The Castle of Mey was the only residence directly owned by Queen Elizabeth, the Queen Mother. Over the decades, she filled her holiday home with distinctive knick-knacks and personal flourishes.

Now, 12 years after her death, the castle is being let out to guests. According to reports, for £50 000 up to a dozen people can spend a long weekend in the 16th-century building where Prince Charles is still a regular visitor.

Guests can eat at the same table used by the Queen Mother and sit in her favourite chair. On the dining room walls are landscapes painted by Prince Philip. The drawing room has a carpet that was given to the Queen Mother by her daughter the queen as a 90th birthday present.

The castle’s managing director, Shirley Farquhar, said: “As soon as you walk in, you can feel the Queen Mother’s presence as it was her home.”

The one part of the castle that is off limits is the Queen Mother’s bedroom.

The weekends have been introduced as a fund-raising venture by the Queen Elizabeth Castle of Mey Trust – of which Prince Charles is the resident – which owns the castle and runs it in memory of the Queen Mother.

The Mey Occasions (as the weekends are called) are not advertised. Instead, invitations are extended to a small circle of wealthy business-people and philanthropists.

The trust plans just “two or three” weekends a year. A trial weekend was run last October in which selected guests stayed for free. Last month, the first paying guests were the family and friends of a foreign businessman, who re-booked for next year. The next guests – in October – are American.

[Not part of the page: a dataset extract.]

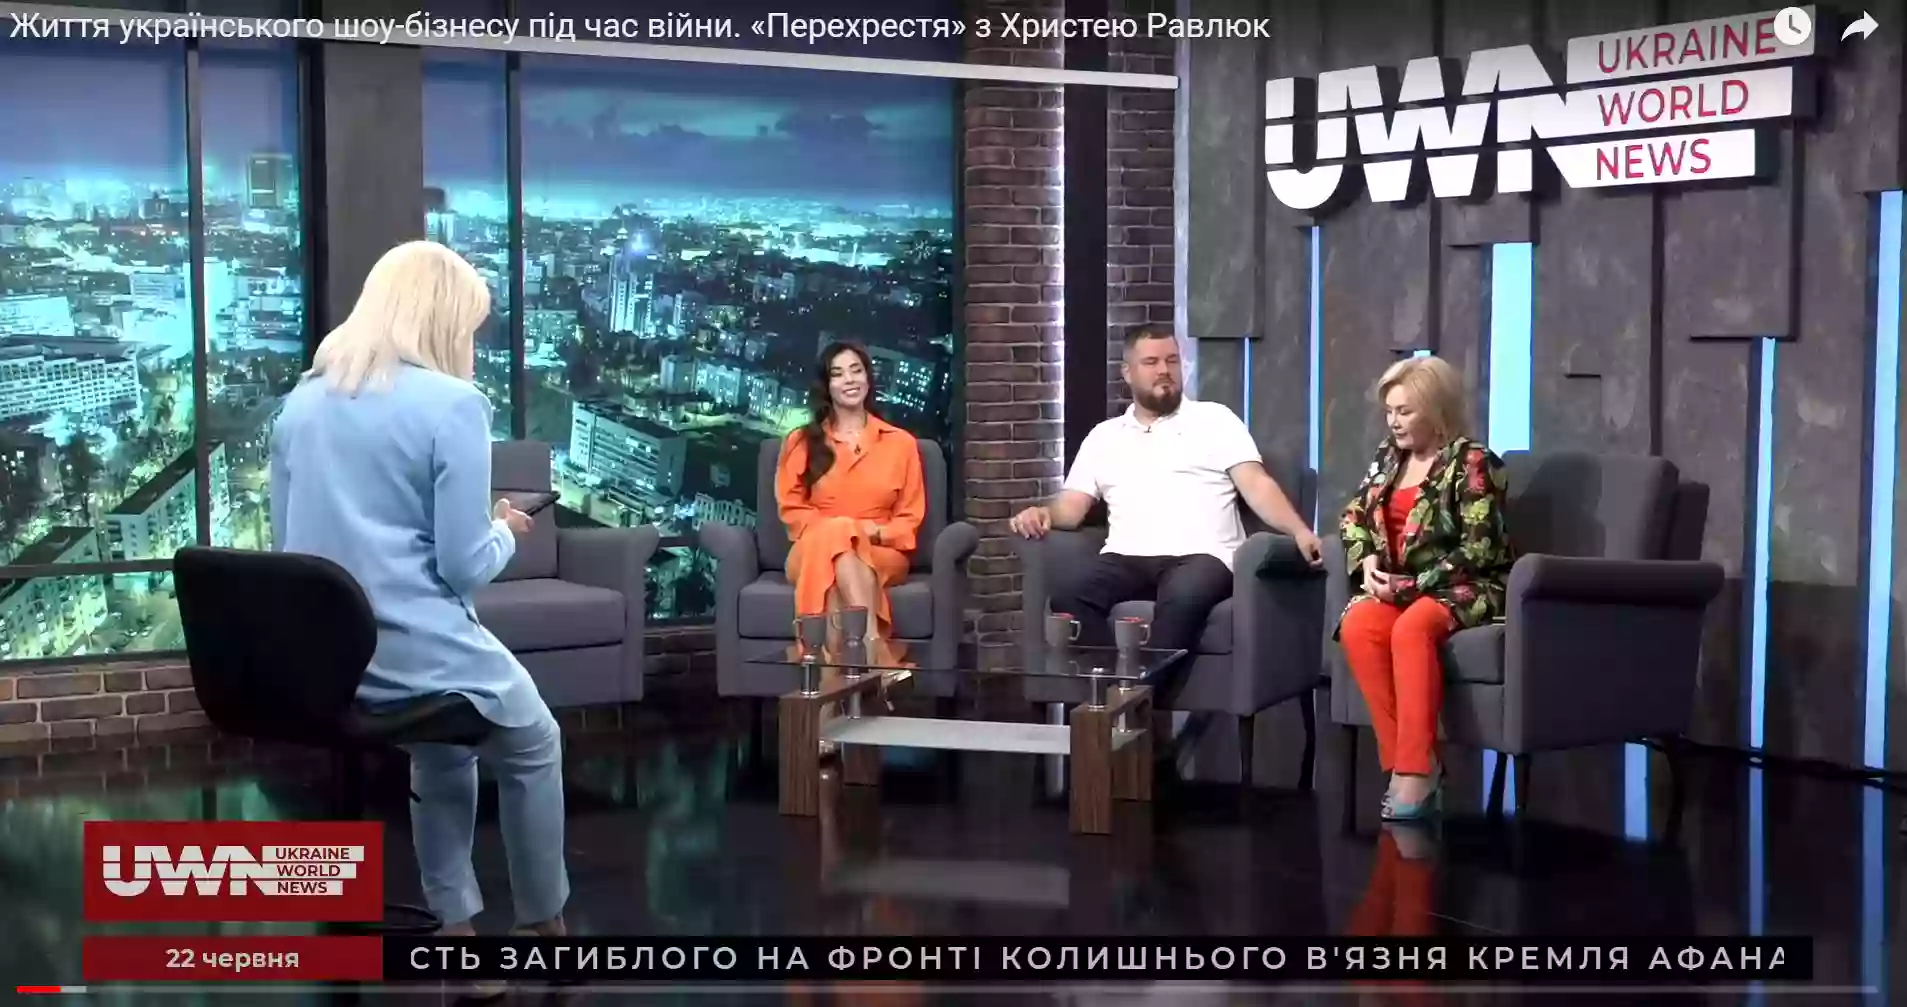 Ukraine World News: канал із Бенюком, Жидковим і «стійкою національною позицією»
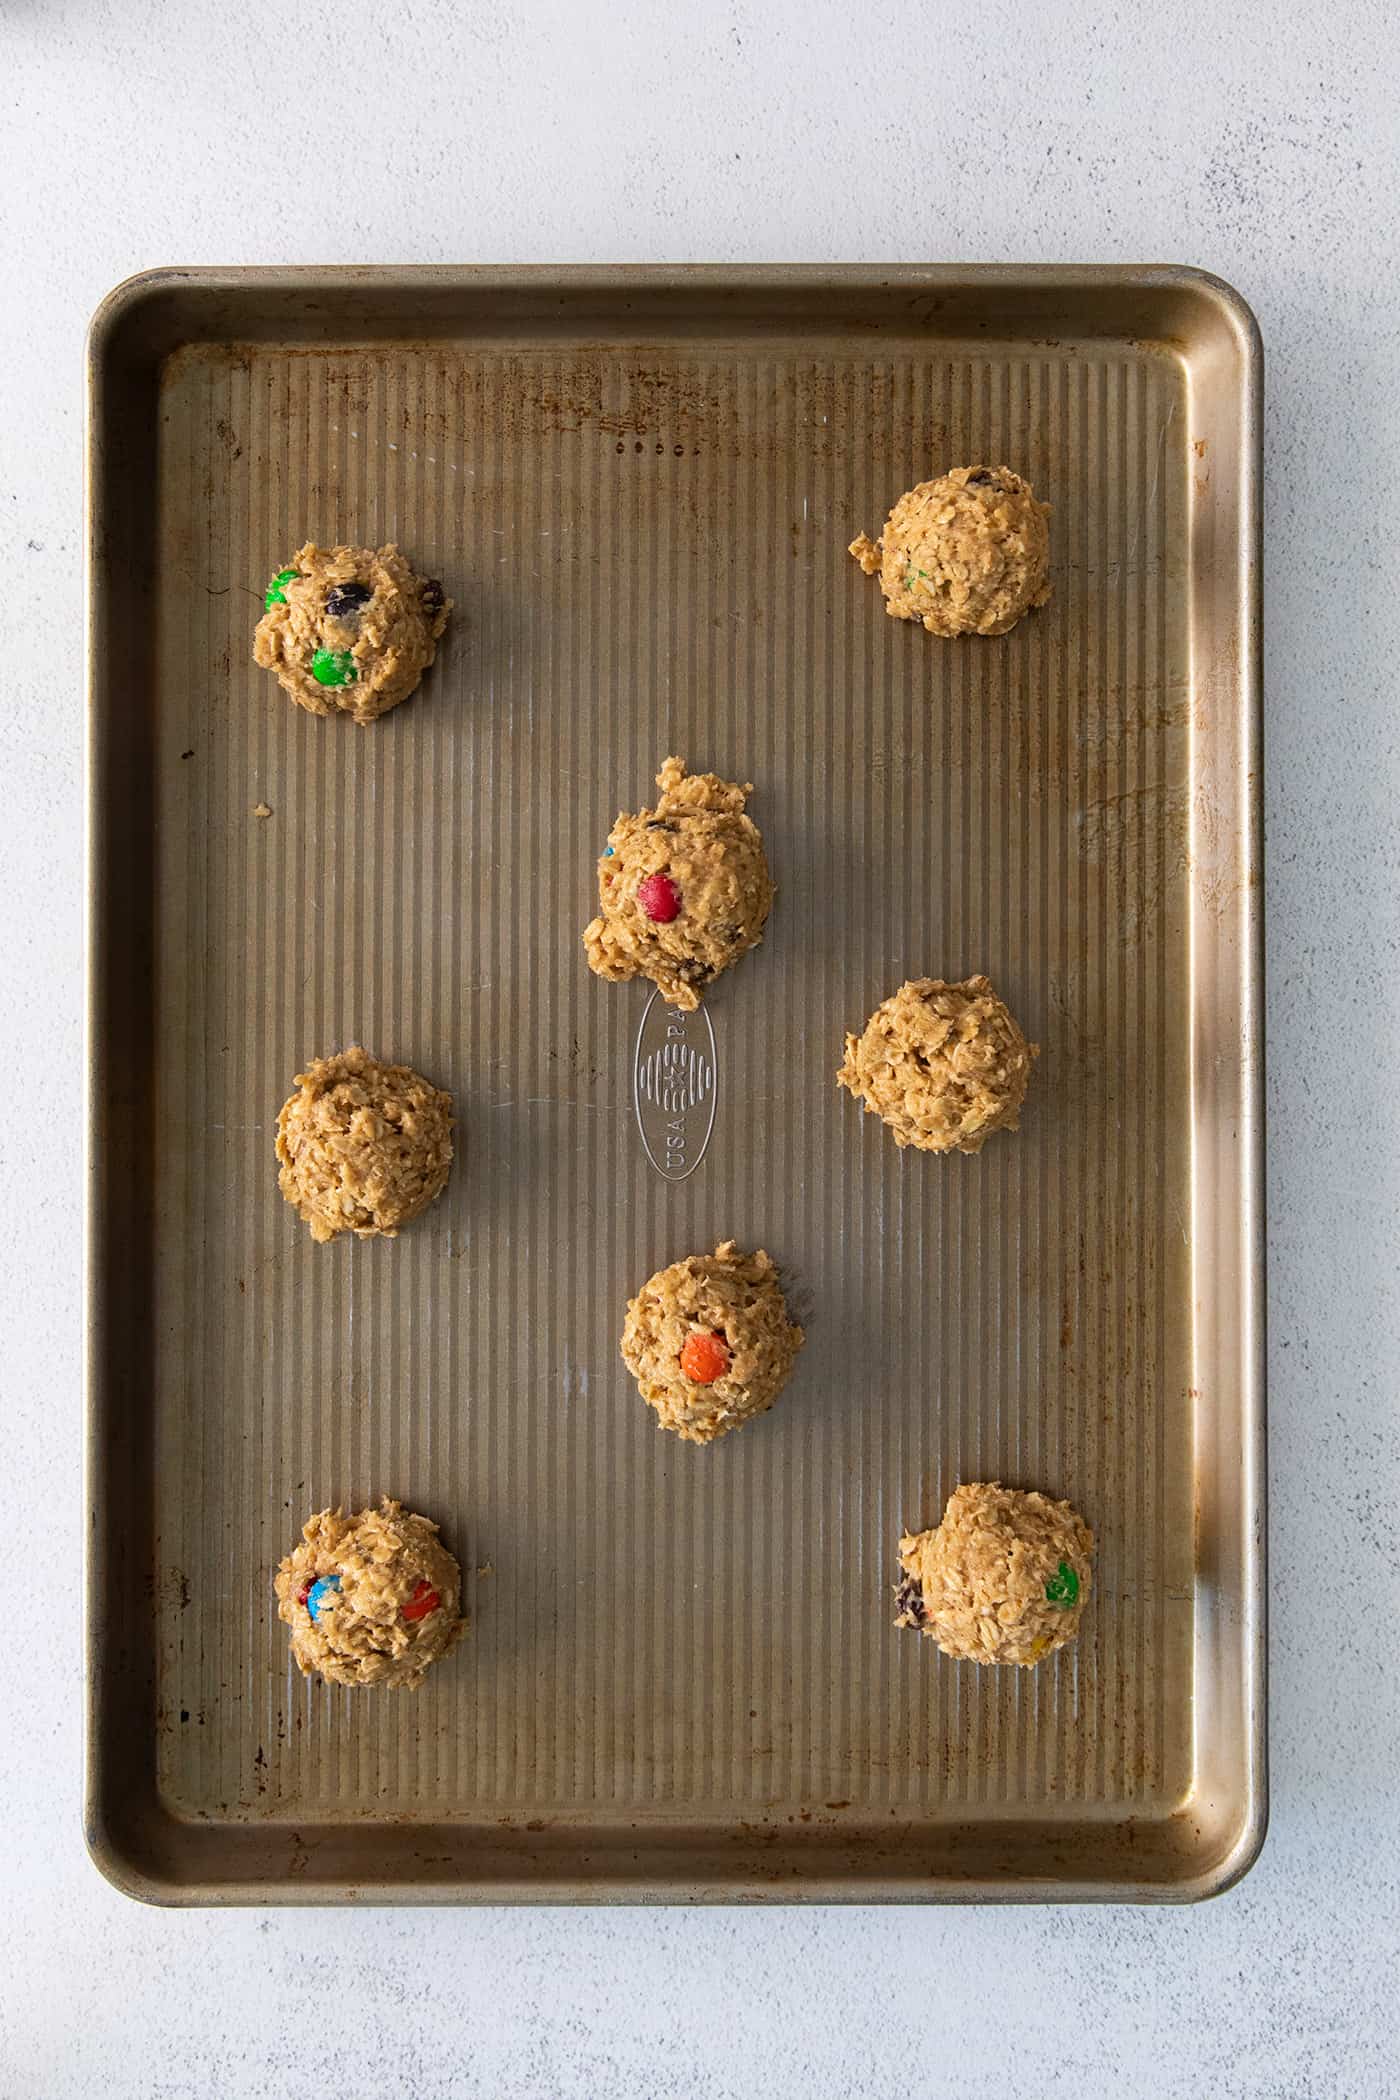 Balls of monster cookie dough on a baking sheet

Numbers are limited to no more than 12 guests, served by a staff of 20, some flown up from London.

The breaks are designed by royal party planner Lady Elizabeth Anson. She organised a dinner for 40 members of the royal family on the eve of the Duke and Duchess of Cambridge’s wedding. Inside, the castle has had a £25 000 makeover.

Ashe Windham, who served as the Queen Mother’s equerry at the castle – and is chairman of the Mey Trust – said the venture would help the castle meet its running costs and was a fitting honour to the late Queen Mother.

The Queen Mother first saw what was then Barrogill Castle in 1952, while mourning her husband, King George VI. She bought the most northerly castle on the British mainland and restored it.

HUNT THE MASCOT

AMID the royal grandeur of the Castle of Mey, a curious selection of tacky knick knacks are testament to the late Queen Mother’s sense of fun and mischief. Her delight in such novelties was well known and her private secretary, Sir Martin Gilliat, would encourage guests, especially the young royals, to bring back unusual souvenirs for their hostess.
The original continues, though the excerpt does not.